You can pass and return values in registers. For parameters bigger than a register you save them in memory, call your function and if necessary return the results in memory. Memory is accessible from anywhere in the program so your function and the remainder of the program can access it at any time. Incidentally, "goto" in PIC language means load the following address value into the program counter, forcing the next instruction to be picked up from that address, it does not take any parameters.
- Does assembly have concept of variable scope e.g variables inside functions cannot be accessed from outside in C?
Scope has nothing to do with the program itself, it is a concept only understood by the assembler so it will vary from one assembler to another. Most people use MPLAB or MPLABX from Microchip, it does allow for local variable names within routines.
- What are steps to add two numbers in assembly together? Does assembly have concept of type i,e signed, unsigned, float, int, short e.t.c?
They do not exist at assemble language level, everything is treated equally. It is up to you how the data is used. To add numbers, typically you would load one into the W register and use the ADDWF instruction to add it to the address the other variable is held. You can save the result in W or the variable address depending on what you set the destination field to. The STATUS bits are updated after a math instruction so you can check for a result of zero and whether a carry was generated. Your code would be responsible for checking the carry bit and if necessary, propagating it through any additional digits in your variable.
- What is the most important thing(s) that a person moving from PIC C to PIC Assembly needs to know before they delve into it?

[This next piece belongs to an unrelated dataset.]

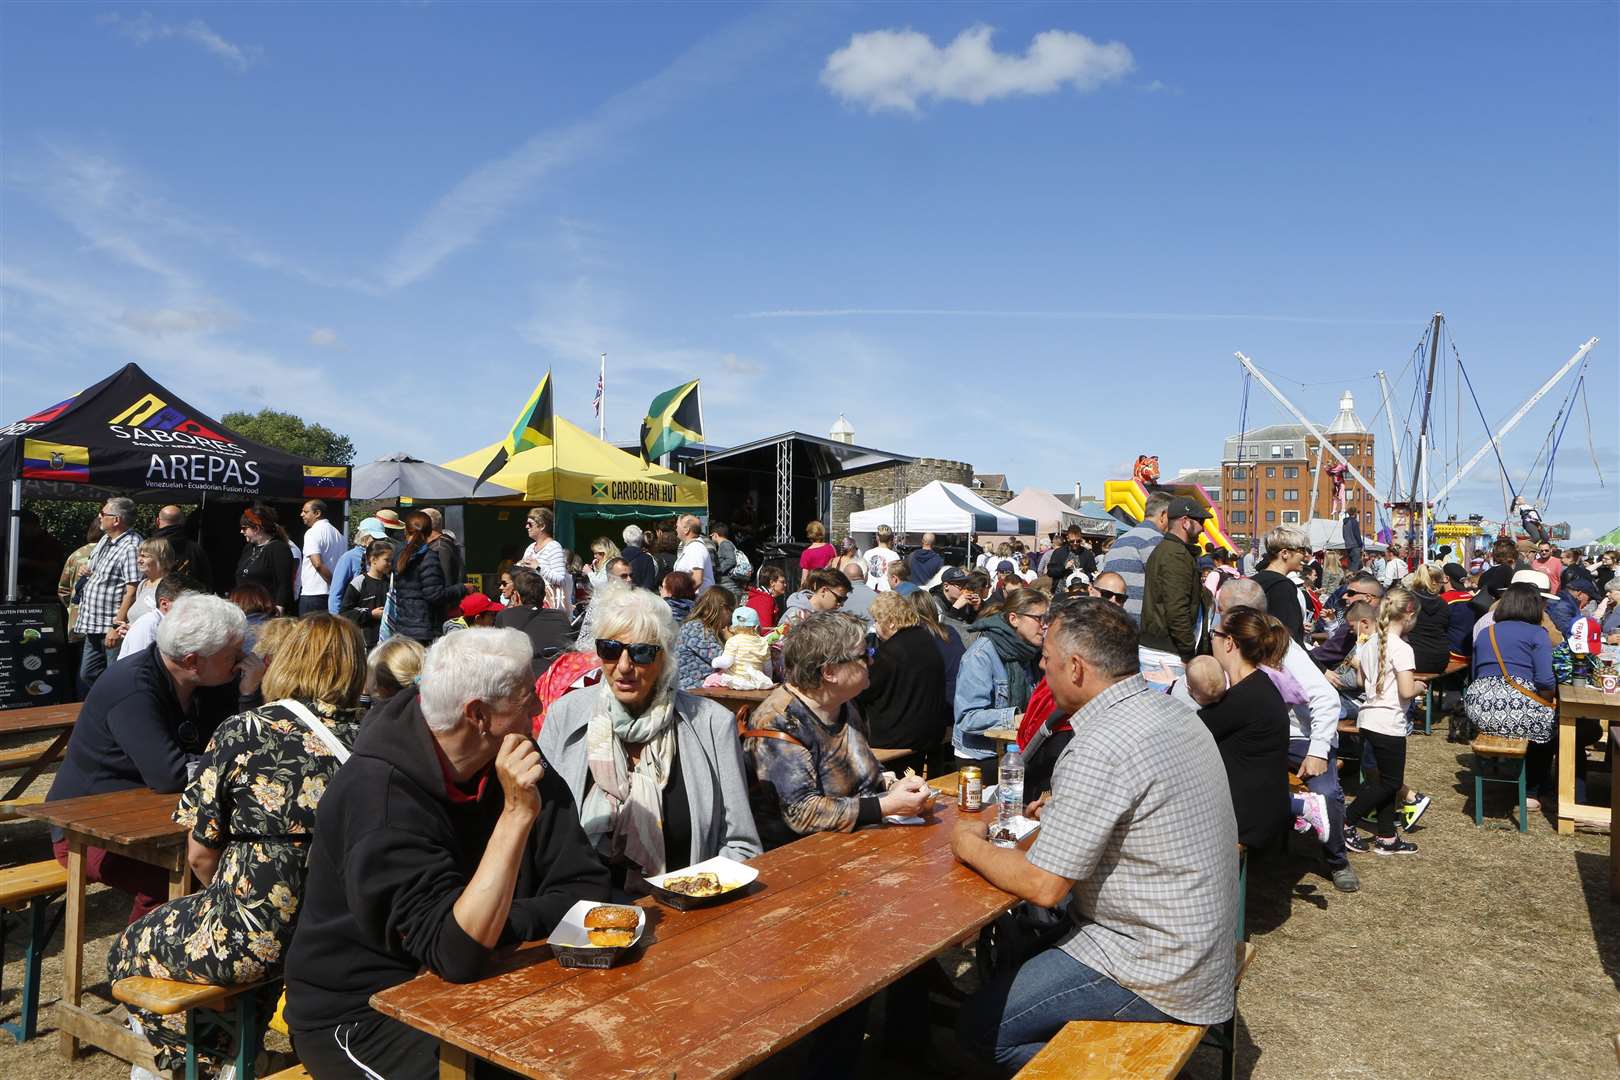 Deal Food & Drink Festival has been popular since it began in 2017. Picture: Andy Jones.
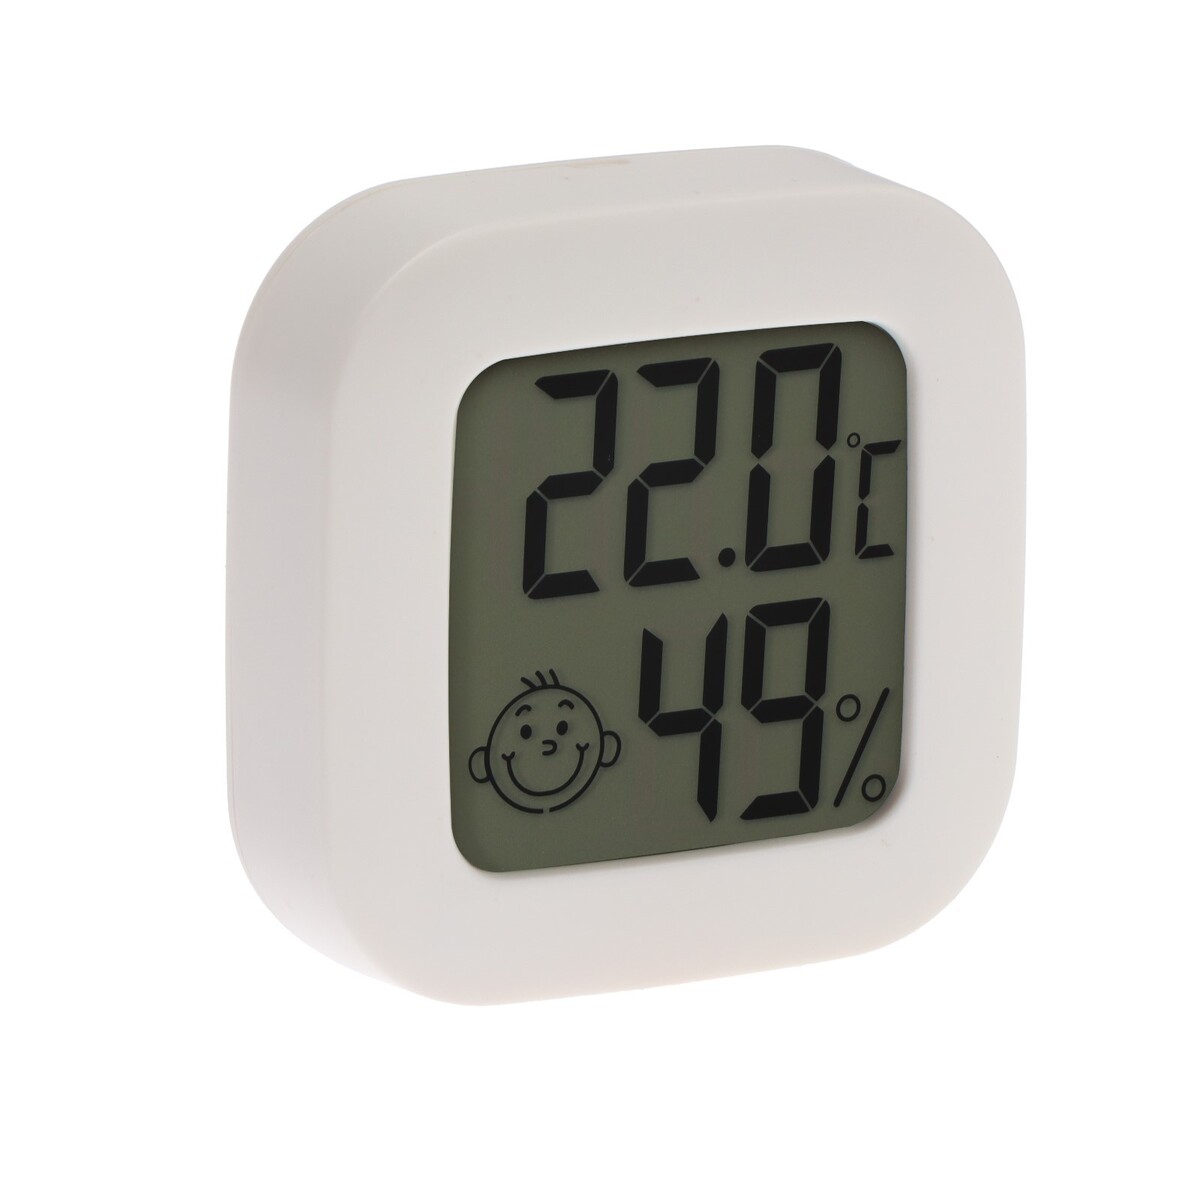 Термометр электронный ltr-08, датчик температуры, датчик влажности, белый супер плюс ион авто электронный ионизатор воздуха

In my opinion the most important thing is to realize that a C compiler produces assembly language code which is then assembled into your final program. It means anything you can do in C is possible in assembly, you just bypass the high level constructs that C gives you. The big advantage of that is you are no longer weighed down by the 'glue' needed by C to hold the program together so you can write faster and smaller programs. You can still use libraries of functions, in fact you can use the C libraries if you are careful but after some practice you will find you make your own routines and save them for reuse in other programs. Because you have absolute control over the program execution, you can also make exact predictions about timing, you will find this important if you delve into control systems where signal sequences and precise delays are essential.
As Paulfjujo stated, you should make yourself familar with the data sheet for the device you want to use. Although the PIC families have very similar instruction sets, there are of course differences to allow their different peripherals work.
Brian.